Tuesday, May 10, 2011

Gabriel Garcia Marquez : One Hundred Years Of Solitude

My life changed after reading that novel. It is impossible for me not to pay respect to it. I owe so much to that single book! Just as Rushdie called it 'the greatest novel in any language of the last fifty years'.

Its a plethora of human emotions, a reality of the entire race of humanity, a history that is at once eternal and timeless, something that has always existed and is forever present.

Each and every page of the novel is an 'instant' of the 'present'. There is no past. Illusions melt into reality, reality fuses with magical elements. Who is to separate them! Reality and fantasy have finally become one, only to heighten reality all the more, to press the incomprehensibility of what we call 'real'.

'One Hundred Years Of Solitude' is also an amazing example of what can be achieved through simplicity of language alone. The trick lies in how one moulds the language to do his bidding. Of course, it is much greater than any other work I have read so far, including those of Kafka's. I really love Kafka, and yet with all respect I must acknowledge that Marquez is perhaps the person to whom I owe my new-founded vision.

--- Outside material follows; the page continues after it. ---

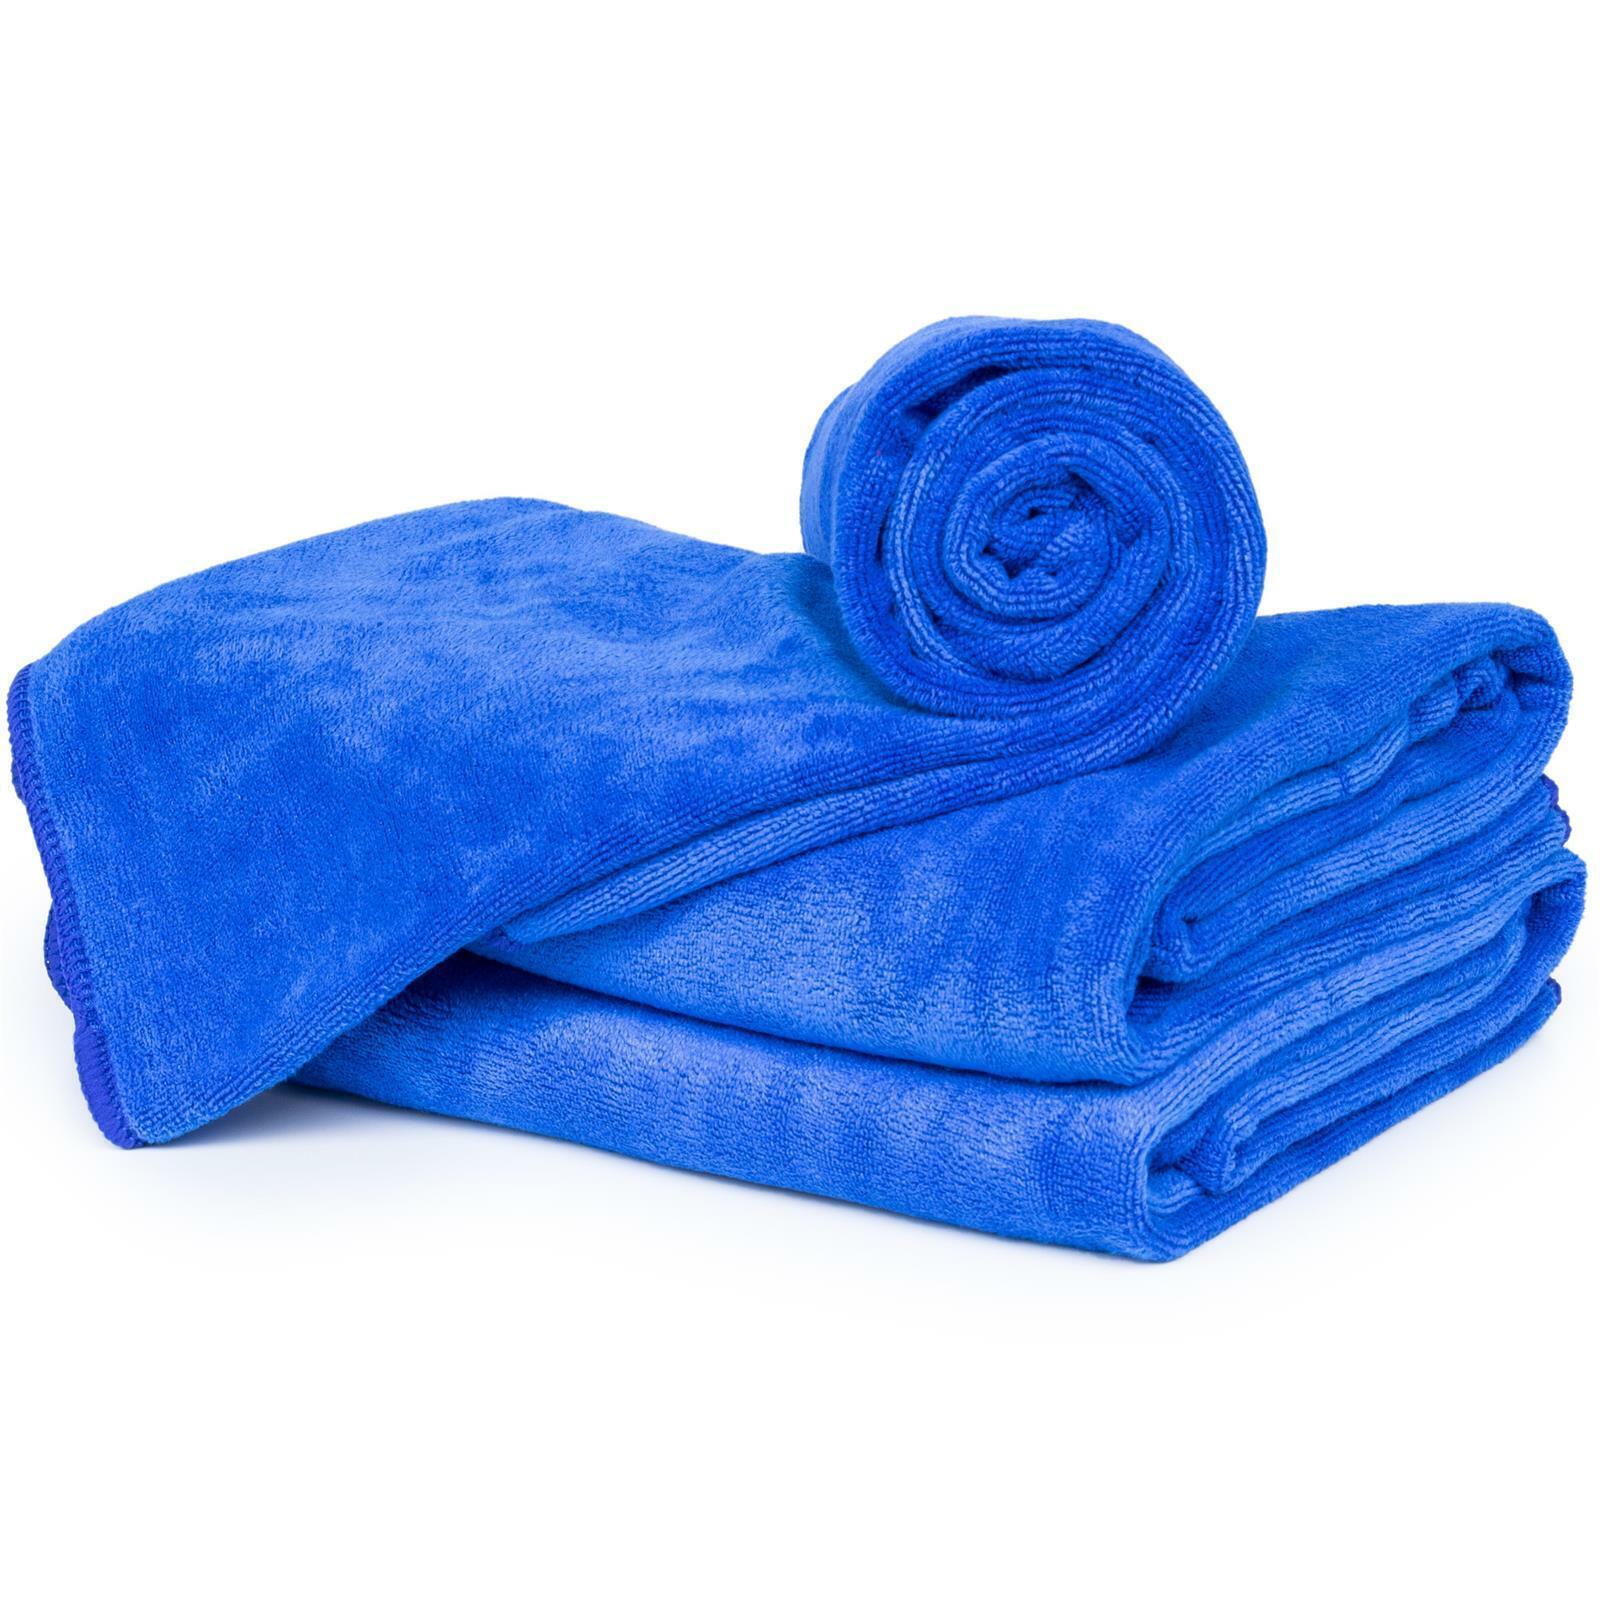 3 Piece Microfibre Towel, Navy – Shower Towel Bath Towel Sauna Towel – 40x60cm

I was foolishly attempting to write an answer on the novel for examination purpose. Nothing could be more futile. You cannot pen down the features of the novel in 1000 words. You cannot say anything at all.

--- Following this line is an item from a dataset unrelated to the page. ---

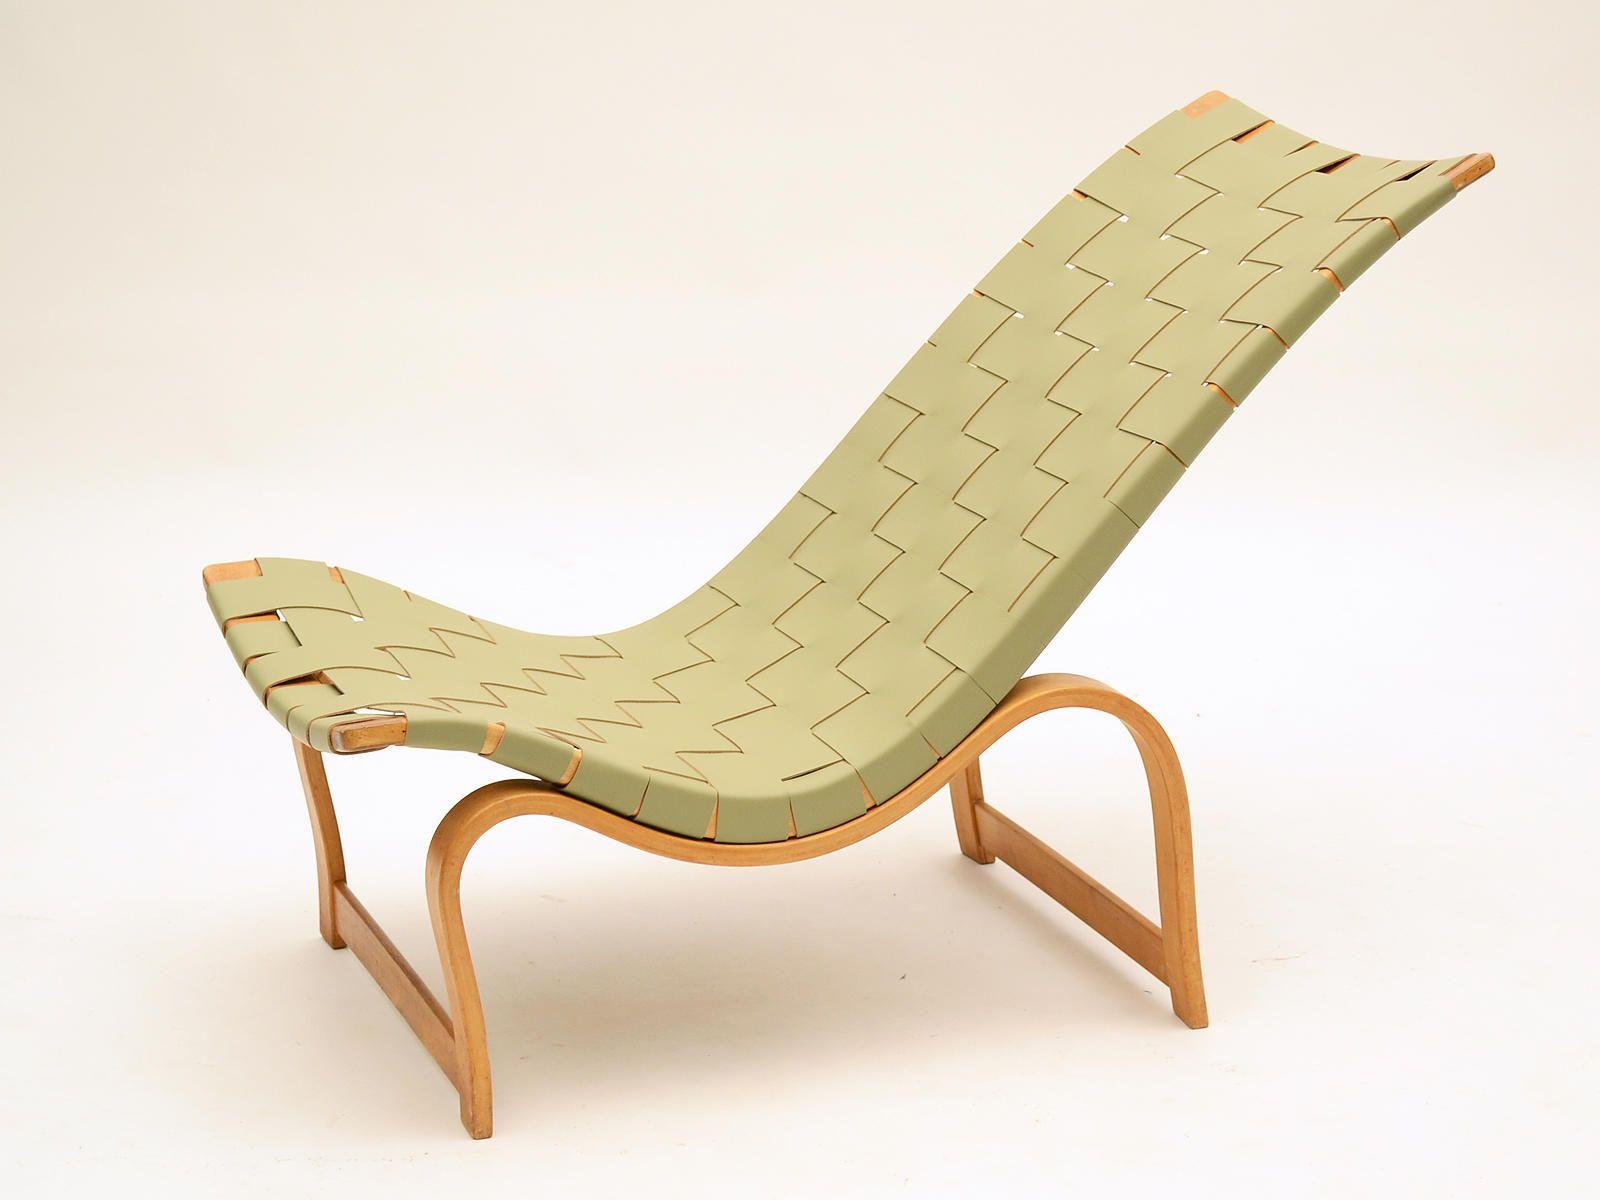 Pegboard Modern Mathsson Model 36 Easy Chair  # Muebles Easy Rosario

I still remember the time when I read the novel. Before my part one exams I had a slight fever I think. I was recovering and reading this novel. It took me three or four days to read, and the next three or four days I was numb, speechless.

The novel attracted and repulsed (because of the incest). It was magical and fantastic, and yet it was more real than most 'realistic' novels. It bewildered, it bewitched, it amazed, it teased, it played with all the emotions imaginable including that of disgust.

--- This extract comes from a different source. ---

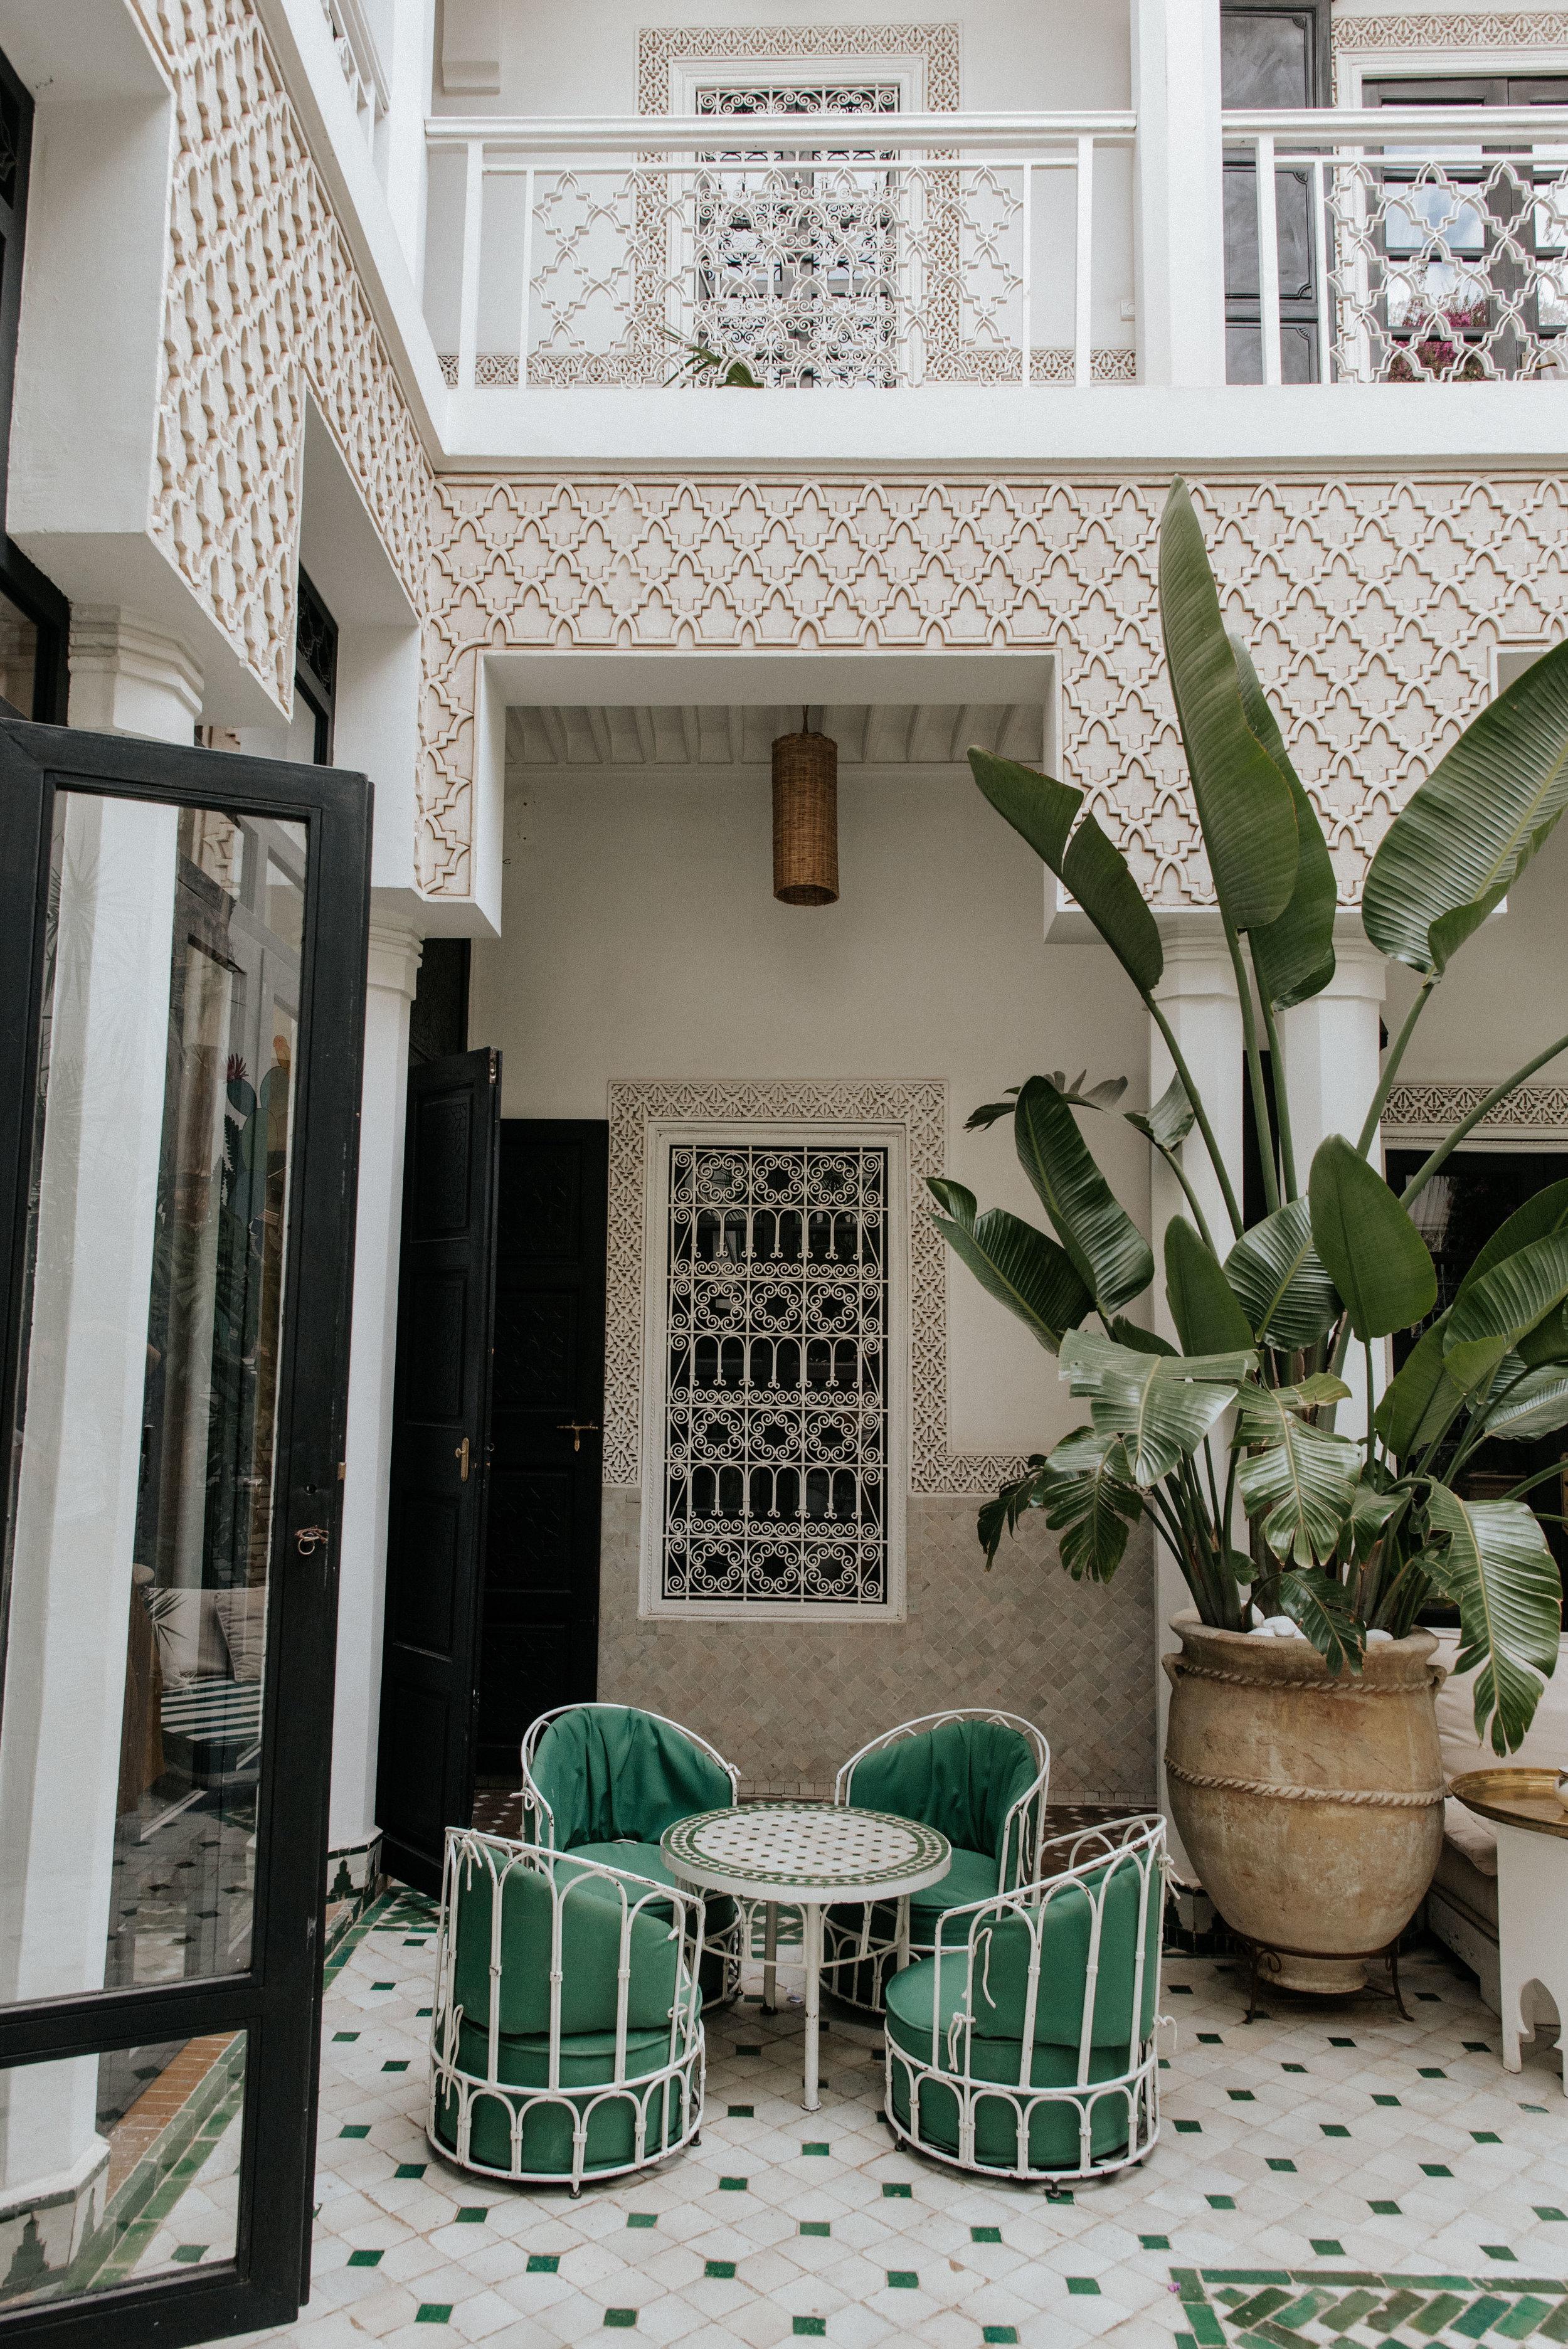 Morocco-444.jpg

If there is anything called 'the Bible' then here it is. If there is any Heaven, if there is any Hell then they are present here in this novel. Solitude is our Hell, and love our Heaven! And 'love' is what the Buendias lack, thus they are doomed with an unchosen solitude.

The family cannot differentiate between 'true love' and 'true lust', and in their confusion, just as with fantasy and reality, they blend these two is the same palette too, to create a feeling unique and of its own kind, a feeling that cannot be defined either as love or lust. Perhaps, if the word 'life' was indicative of any feeling at all then this is it.